TICHY
One of those incredible stories. A story about blurred, underexposed photos and homemade cameras. A story about the bodies of women, pictures taken with the eyes of a confessed voyeur. He sneaks a look through the fence of the men’s bath to get a glimpse of the ladies, tolerating the ubiquitous grid pattern inscribed on the obscure bodies of his victims by the measures of decency. Perhaps one of the strangest, most touching contributions to the gallery of “bathers” to sublime the longing for bodies in the occidental history of art. The incredible story also has its rift, the rupture that simply occurs without cause. Miroslav Tichy is not naive. He studied at the Academy of Arts in Prague and was an avantgarde painter in the 1950s, not without risk in communist Czechoslovakia, and yet he had his entourage that admired him. Until it simply occurred: the rift, the rupture, becoming an outcast, someone who belongs nowhere. Tichy kept on painting; then he built his first camera, refining the prototype to whatever extent the yield of scrap allowed.

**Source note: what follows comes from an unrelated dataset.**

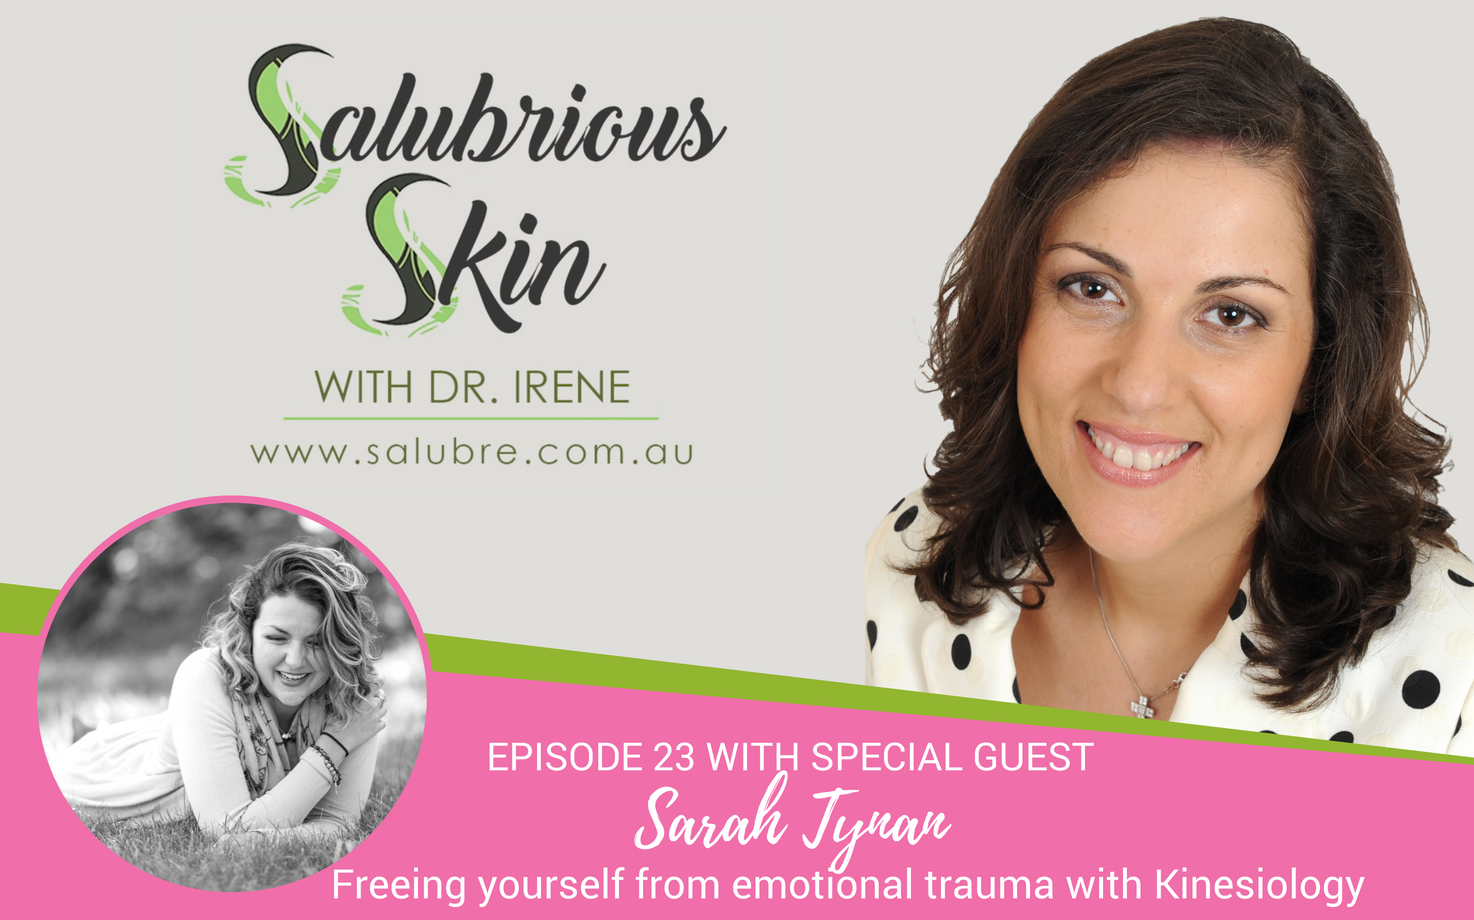 Episode 23: Freeing yourself from emotional trauma with Kinesiology

Ever since he has been on the hunt, taking pictures of that which he once painted: women. What should we call this, here, in the context of art? The breakthrough of an impulse? An obsession?
The art of a misfit? What should we call pictures – the author of which remains unknown – hidden in subconsciousness? The incredible story takes place somewhere deep down inside, and yet far out, in a dimension for which we have no categories of expla-nation, comprehension, or even description.